[Opening EXTRACTED RECORDS section]

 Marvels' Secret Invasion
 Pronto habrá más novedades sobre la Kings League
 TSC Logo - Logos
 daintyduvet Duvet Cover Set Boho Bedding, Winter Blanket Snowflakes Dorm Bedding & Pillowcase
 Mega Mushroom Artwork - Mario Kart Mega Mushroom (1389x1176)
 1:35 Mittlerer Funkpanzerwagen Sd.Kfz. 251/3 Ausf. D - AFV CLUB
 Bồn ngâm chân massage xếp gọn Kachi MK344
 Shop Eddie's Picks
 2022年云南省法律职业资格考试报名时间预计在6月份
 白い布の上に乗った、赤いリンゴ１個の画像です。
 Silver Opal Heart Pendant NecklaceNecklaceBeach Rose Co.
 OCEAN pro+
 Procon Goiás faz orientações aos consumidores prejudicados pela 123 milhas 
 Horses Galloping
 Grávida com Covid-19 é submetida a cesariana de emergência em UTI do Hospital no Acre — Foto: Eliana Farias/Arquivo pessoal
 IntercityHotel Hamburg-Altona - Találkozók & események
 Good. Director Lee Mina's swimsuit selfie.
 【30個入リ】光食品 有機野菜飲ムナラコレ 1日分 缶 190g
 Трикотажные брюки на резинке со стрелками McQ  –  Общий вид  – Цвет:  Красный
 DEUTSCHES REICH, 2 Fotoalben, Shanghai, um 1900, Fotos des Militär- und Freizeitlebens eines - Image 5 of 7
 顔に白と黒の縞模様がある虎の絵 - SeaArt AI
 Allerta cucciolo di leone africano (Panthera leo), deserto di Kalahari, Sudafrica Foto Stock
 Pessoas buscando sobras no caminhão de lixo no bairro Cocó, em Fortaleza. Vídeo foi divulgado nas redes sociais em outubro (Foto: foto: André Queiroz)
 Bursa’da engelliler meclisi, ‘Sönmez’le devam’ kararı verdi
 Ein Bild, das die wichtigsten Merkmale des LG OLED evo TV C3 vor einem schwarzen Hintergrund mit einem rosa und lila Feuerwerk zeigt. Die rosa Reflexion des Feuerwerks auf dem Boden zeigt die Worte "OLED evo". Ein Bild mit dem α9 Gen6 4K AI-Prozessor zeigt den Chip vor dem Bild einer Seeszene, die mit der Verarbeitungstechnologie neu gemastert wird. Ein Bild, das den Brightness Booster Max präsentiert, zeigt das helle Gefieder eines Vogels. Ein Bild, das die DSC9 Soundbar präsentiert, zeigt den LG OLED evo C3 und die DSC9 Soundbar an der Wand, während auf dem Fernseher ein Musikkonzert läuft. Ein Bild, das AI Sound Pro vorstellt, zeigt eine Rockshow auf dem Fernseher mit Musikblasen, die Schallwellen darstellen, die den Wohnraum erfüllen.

[Closing EXTRACTED RECORDS section]

Looking at the records above, return exactly the lines from the line with "Grávida com Covid-19" to the line with "Allerta cucciolo di", both ends included.

 Grávida com Covid-19 é submetida a cesariana de emergência em UTI do Hospital no Acre — Foto: Eliana Farias/Arquivo pessoal
 IntercityHotel Hamburg-Altona - Találkozók & események
 Good. Director Lee Mina's swimsuit selfie.
 【30個入リ】光食品 有機野菜飲ムナラコレ 1日分 缶 190g
 Трикотажные брюки на резинке со стрелками McQ  –  Общий вид  – Цвет:  Красный
 DEUTSCHES REICH, 2 Fotoalben, Shanghai, um 1900, Fotos des Militär- und Freizeitlebens eines - Image 5 of 7
 顔に白と黒の縞模様がある虎の絵 - SeaArt AI
 Allerta cucciolo di leone africano (Panthera leo), deserto di Kalahari, Sudafrica Foto Stock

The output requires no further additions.